-- Exercise objective --
Beginning at the line that holds "MIT時尚五勾旋轉衣帽架/MIT/台灣製/臺灣/衣帽架/掛架/收納/360度" and continuing to the last line of the data below, transcribe every line word for word, without pictures.

-- Information provided --
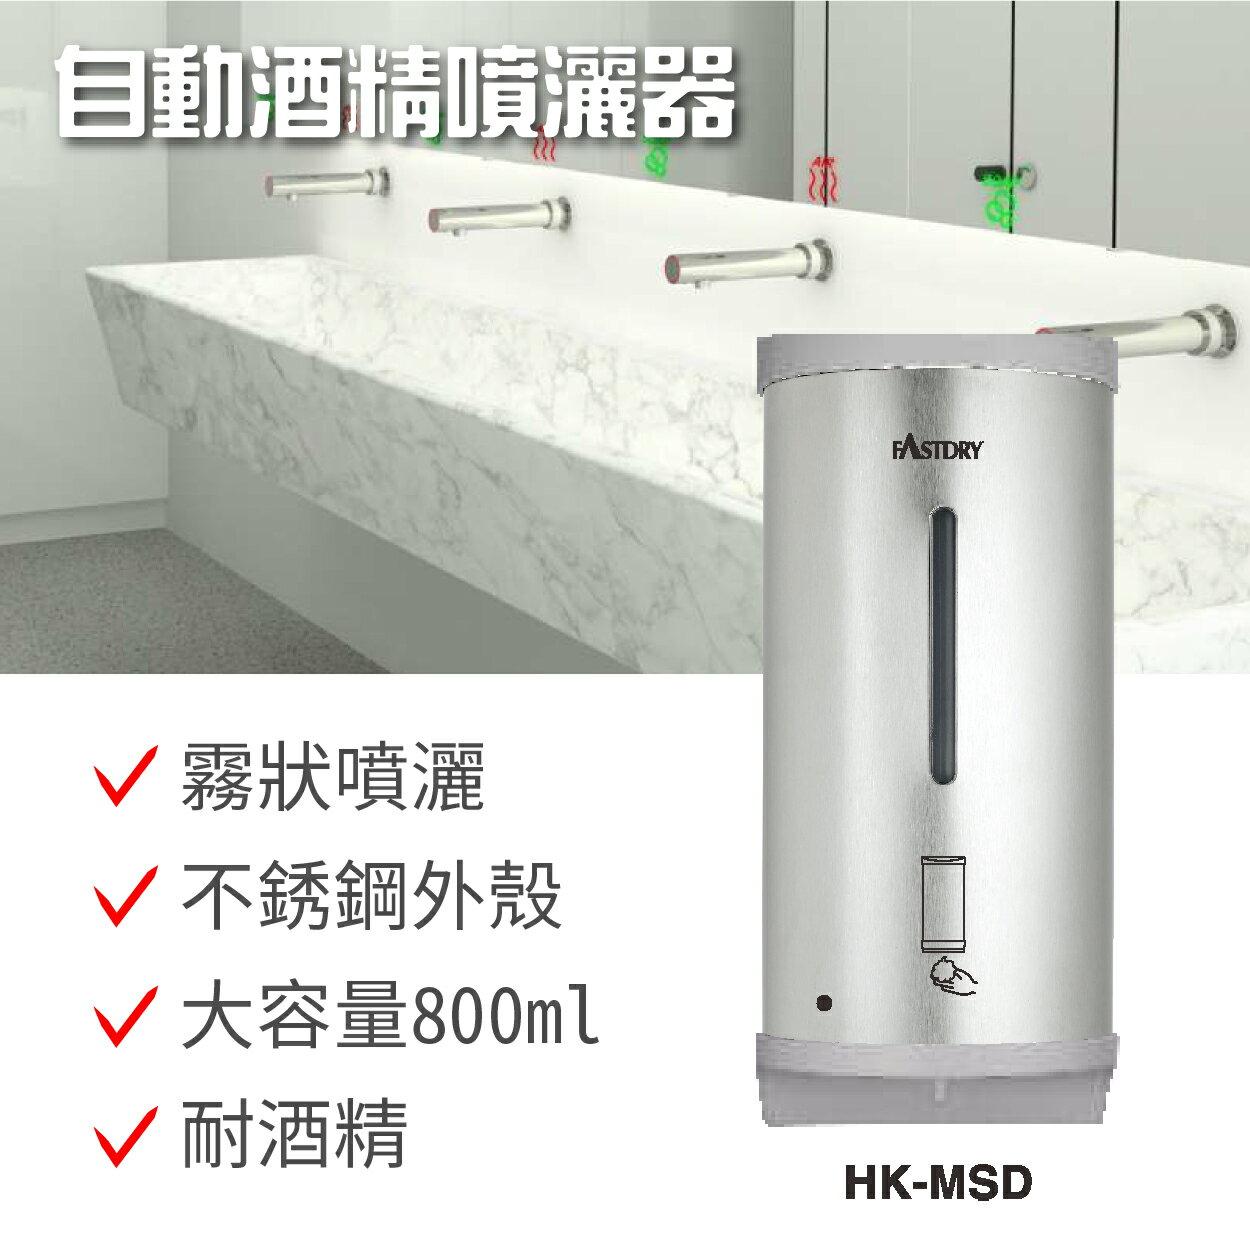 《台灣製造》自動給皂機 自動酒精噴灑器 不鏽鋼給皂機 大容量 霧狀噴灑 保固一年半 HK-MSD 酒精消毒機
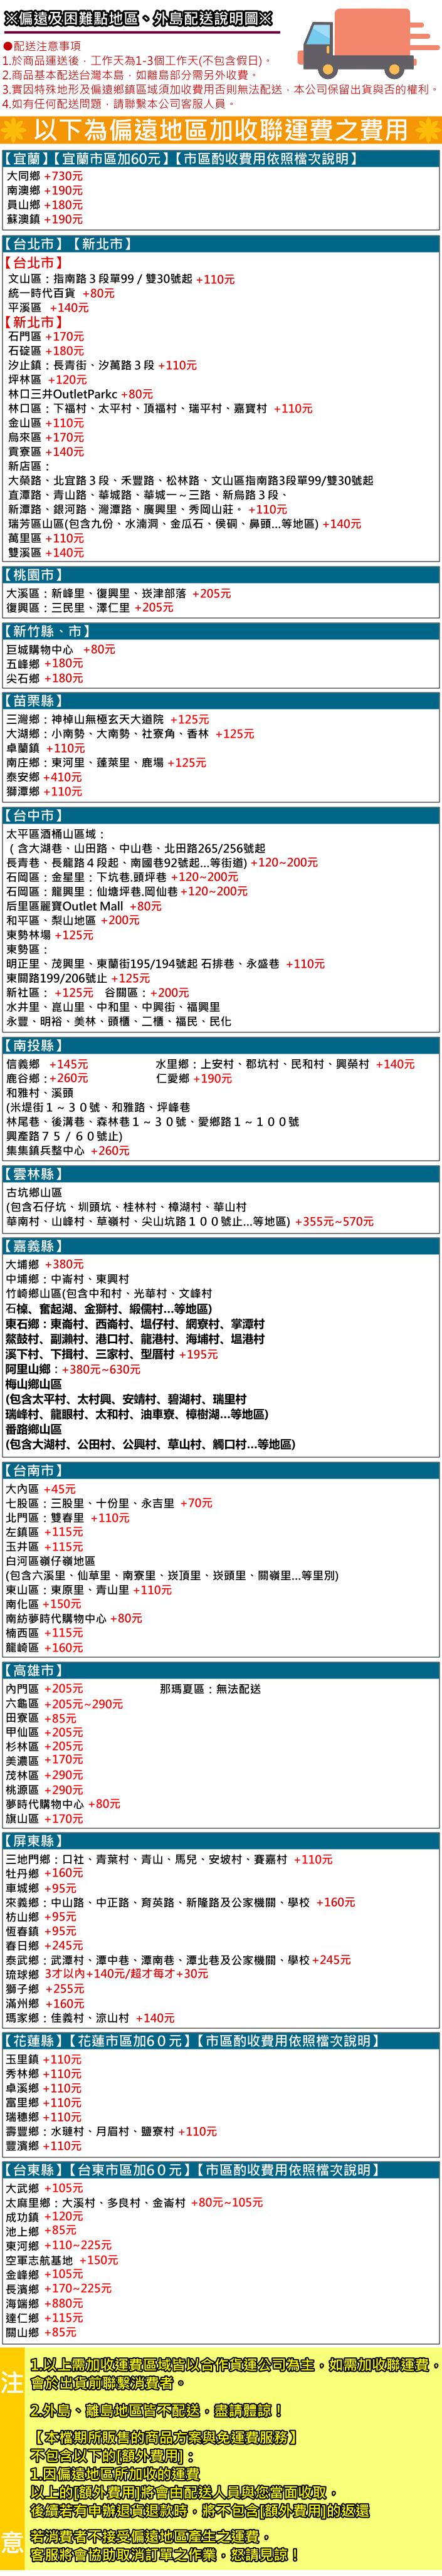 MIT時尚五勾旋轉衣帽架/MIT/台灣製/臺灣/衣帽架/掛架/收納/360度
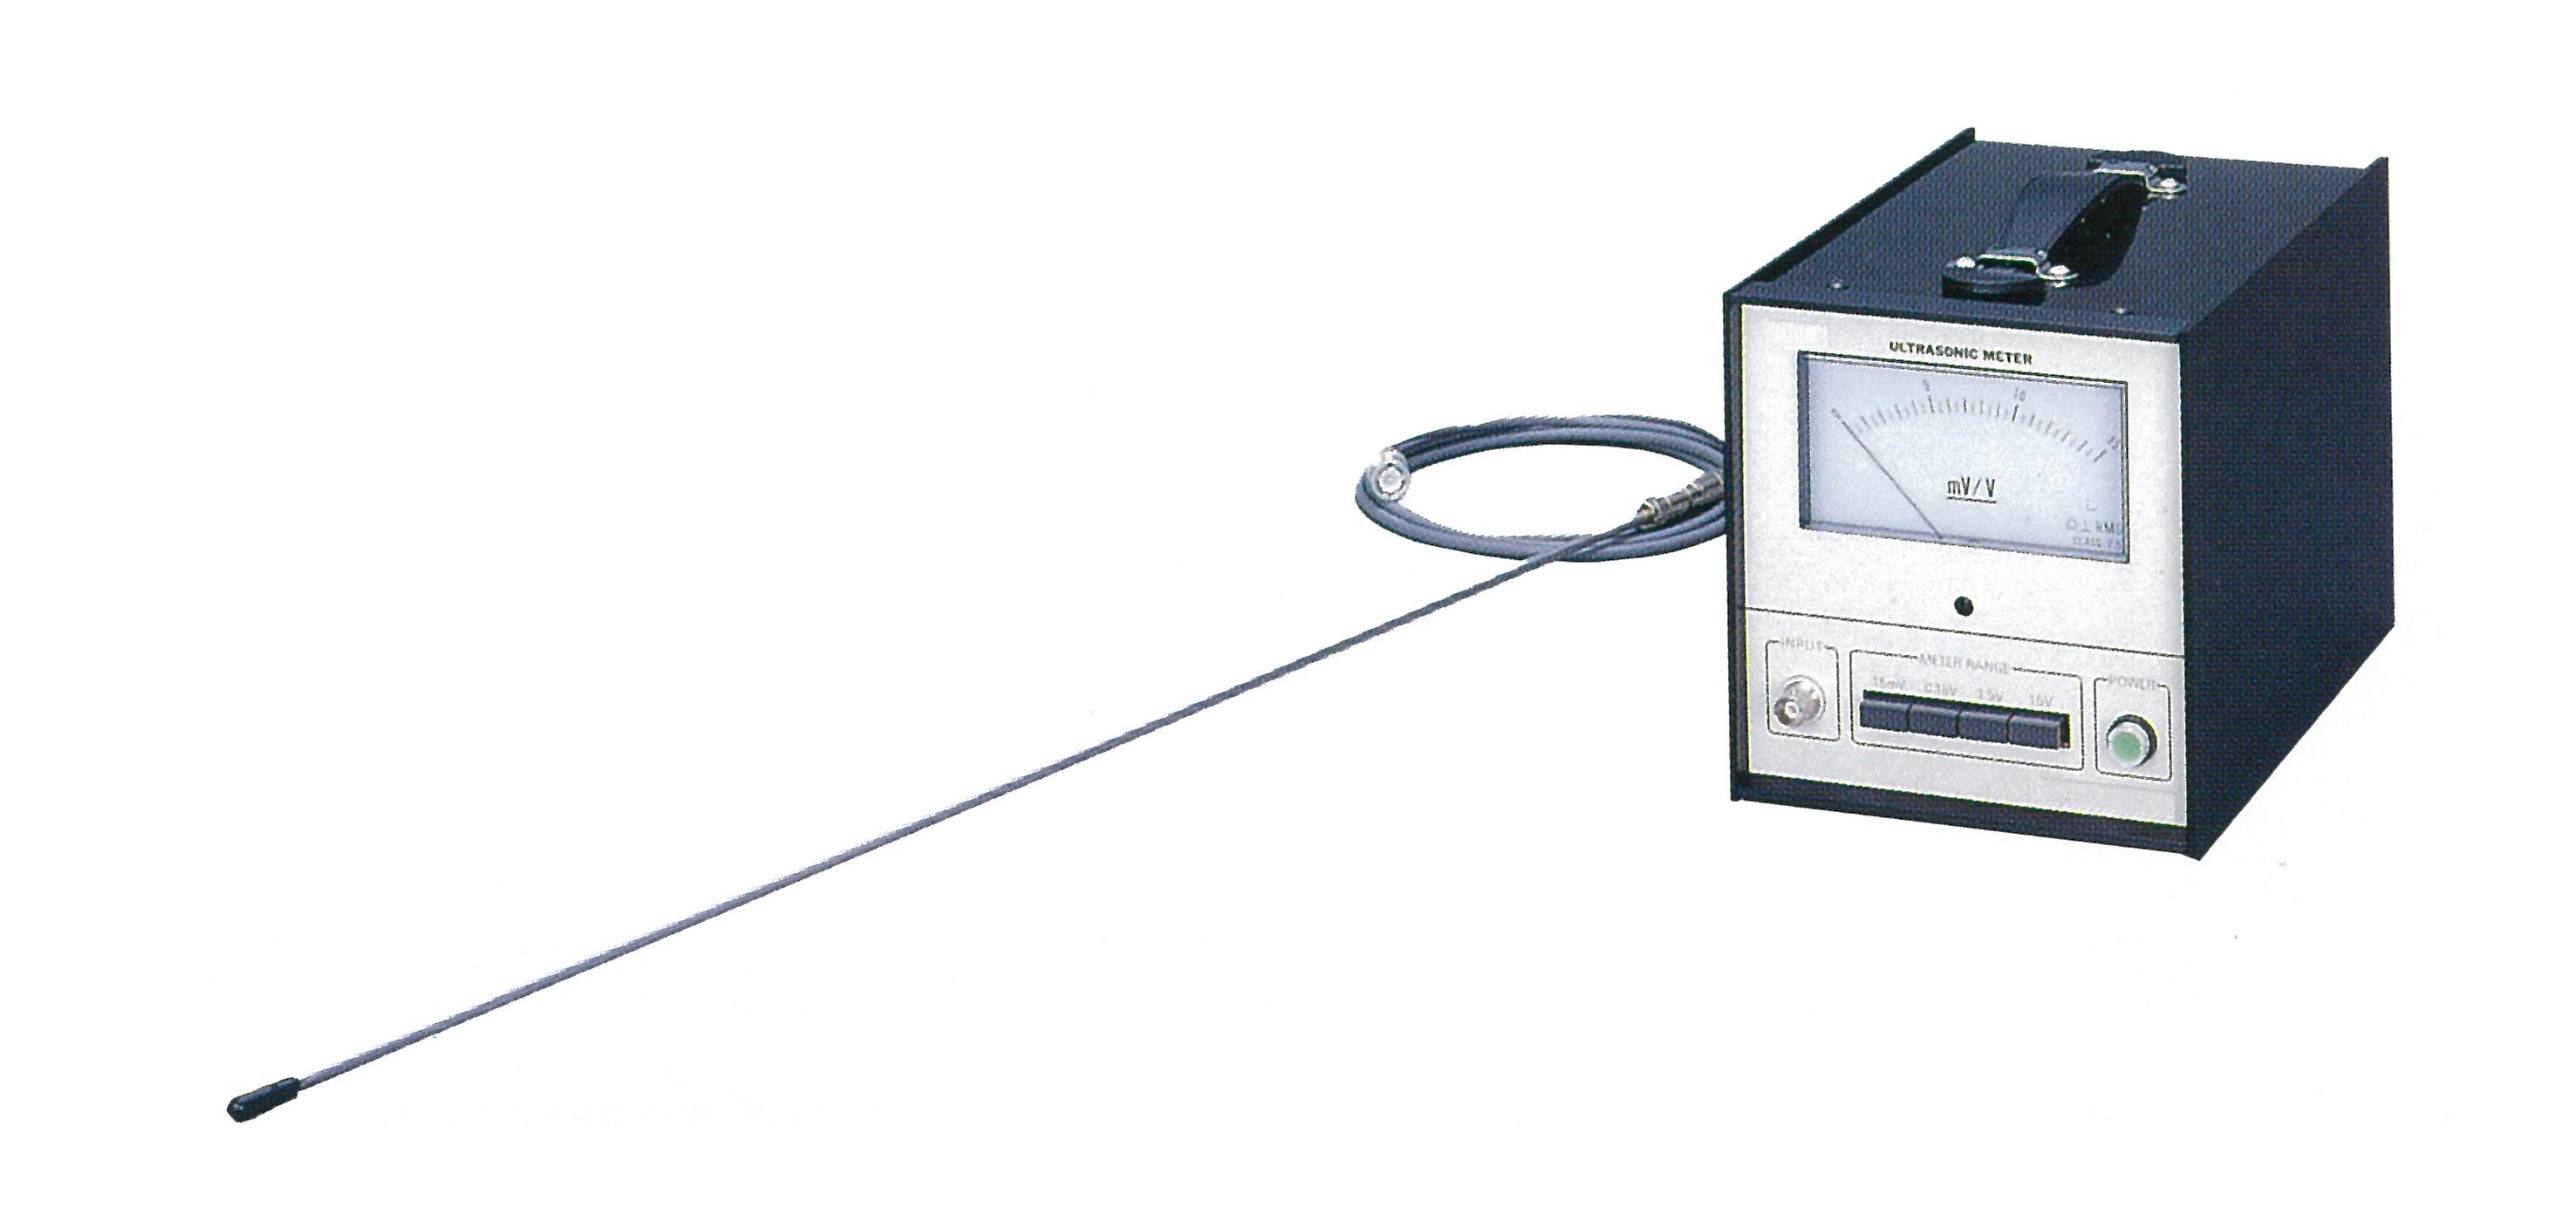 【展示室】展示機器の紹介 超音波音圧計 超音波メーター1501型

-- Response area --
 MIT時尚五勾旋轉衣帽架/MIT/台灣製/臺灣/衣帽架/掛架/收納/360度
 【展示室】展示機器の紹介 超音波音圧計 超音波メーター1501型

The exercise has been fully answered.